A major problem with a configuration using output buffers, however, is that each output buffer must have the capacity and bandwidth to store information cells arriving near simultaneously from multiple input links. In the worst-case scenario, the output buffers must be able to store data arriving simultaneously from every input link on the switch. This makes the implementation of output buffers extremely difficult and expensive. In FIG. 4 it can be seen that it is possible that data cells which are destined for the same outgoing link, e.g., outgoing link 25, may arrive at output buffer 22 near simultaneously on all three of the incoming links 31-33. Therefore each output buffer must have sufficient bandwidth to write data from all incoming links into the output buffer at a speed which will avoid the loss of data cells. Since ATM switches operate at data rates of 150 megabits per second, it is extremely difficult and expensive to construct output buffers of sufficient bandwidth and memory capacity.
While certain solutions to these problems have been proposed, such as, for example, the use of intermediate output buffers or the common use of one output buffer which splits to several individual outputs, these solutions have not been adequate. The large bandwidth required of output buffers in multiple input packet switches, in order to avoid the loss of data at high transfer rates, makes it very difficult to construct output buffers of adequate capacity. These output buffering problems are particularly acute in the case of packet switches employed in systems which implement asynchronous transfer mode (ATM) data transfer and operate at data rates in excess of 150 megabits per second.

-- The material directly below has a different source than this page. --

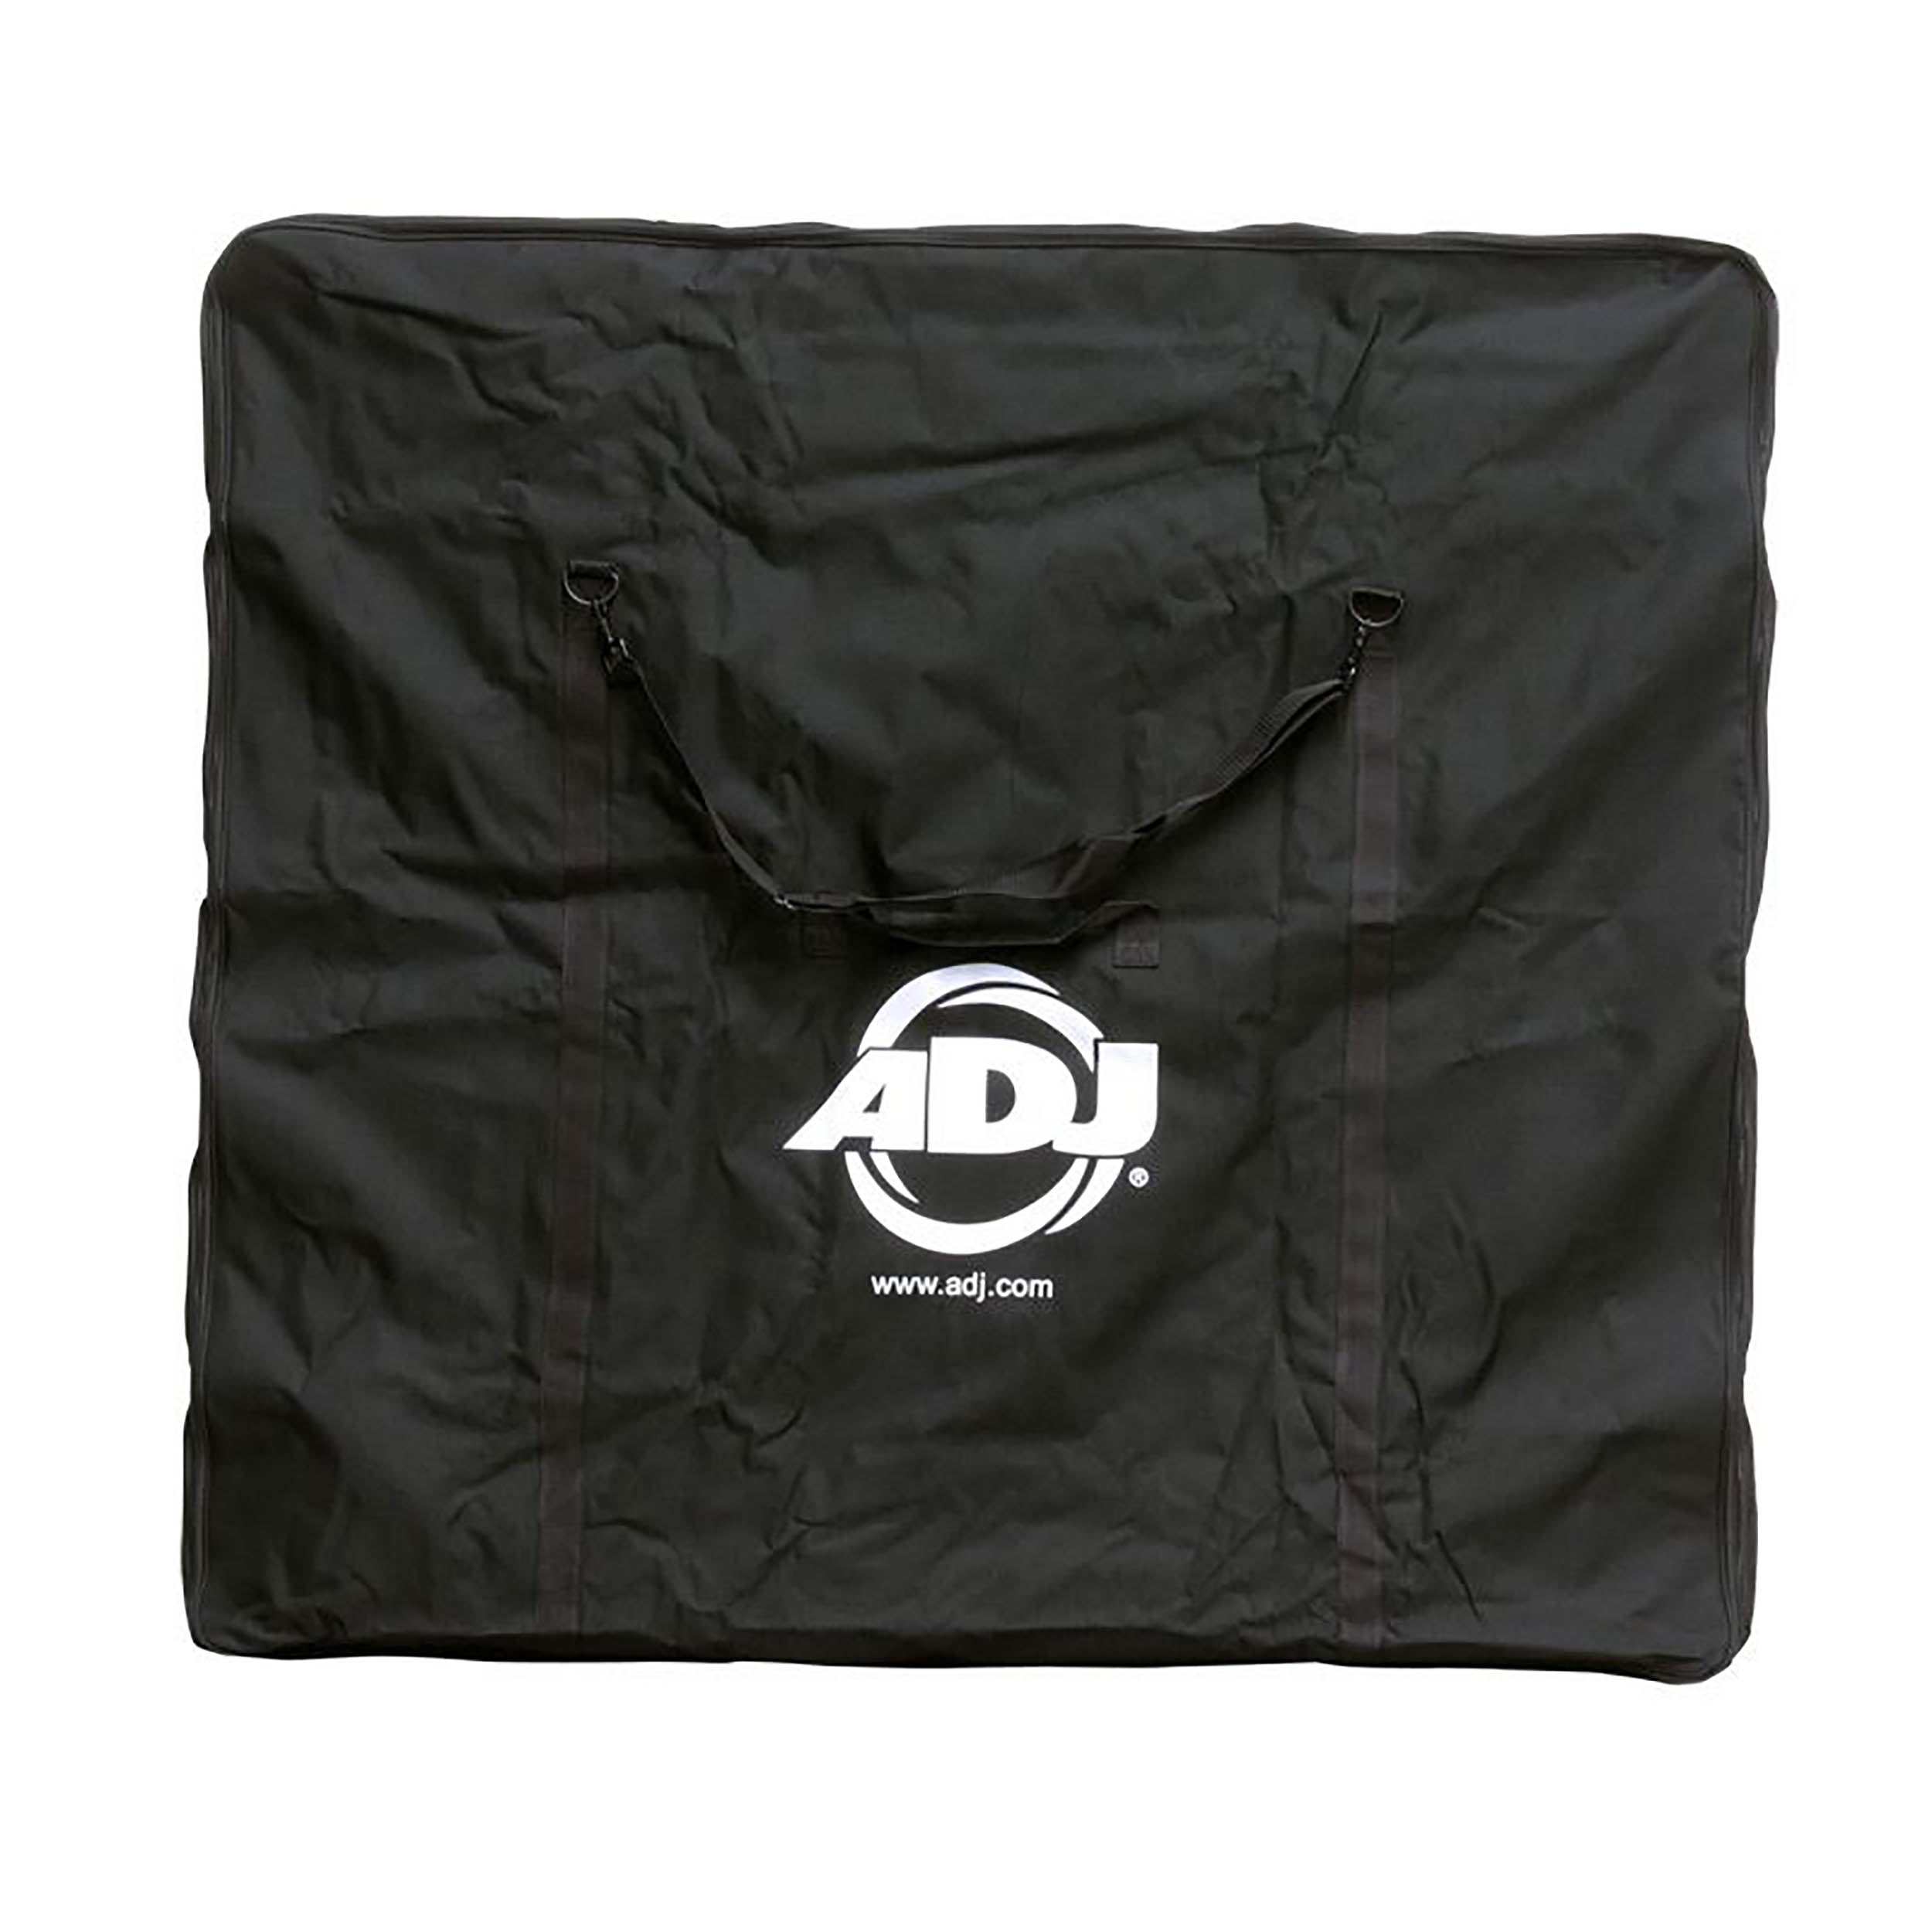 ADJ PRO-ETB, Black Carrying Bag for Pro Event Table. by ADJ
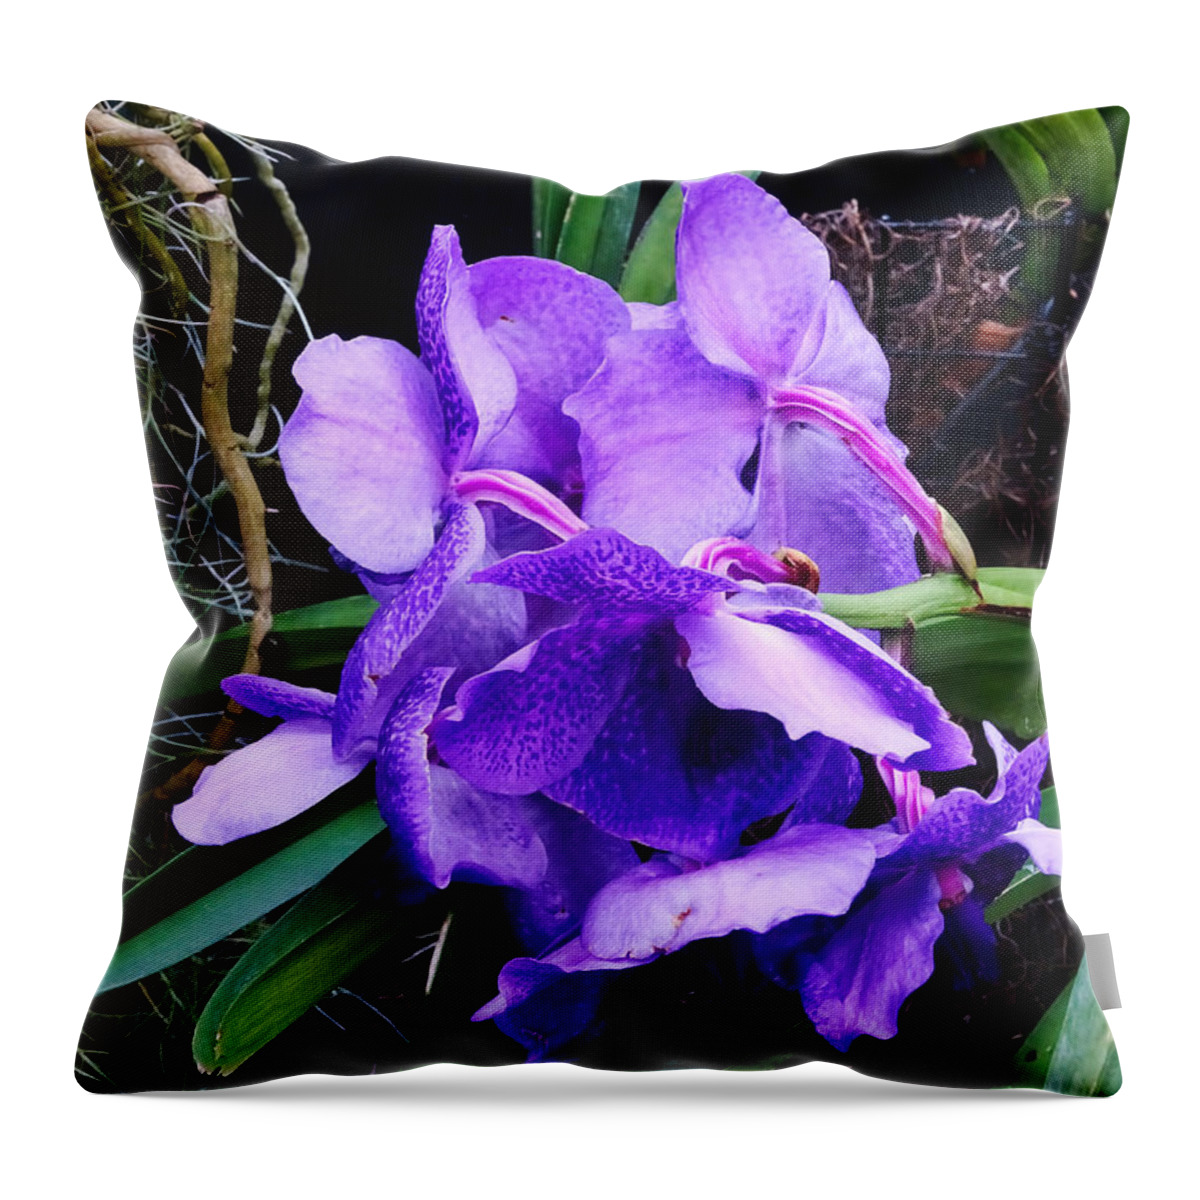 Flower Throw Pillow featuring the photograph Violet Elephant Hiding by Russ Considine

Packet switches in ATM systems may be implemented in a single device comprising input buffers, a switch fabric which performs the actual switching operation, and output buffers. Alternatively, an ATM switch may be implemented in two parts called a switch port and a switch core. The switch port, in turn, may have two sides, an input side and an output side. The input side of the switch port interfaces with an associated incoming communications network, terminates the incoming ATM link, and performs the input buffering functions. The switch port is connected to the switch core which then performs the switching operation. Data cells are then sent to the output side of the switch port to which they are addressed, where the output buffering functions are performed.
It would be a distinct advantage to employ a switching configuration which employs both input buffering to a packet switch as well as output buffering in an efficient and economical manner which solves the problem of simultaneously requiring large buffer capacity and bandwidth.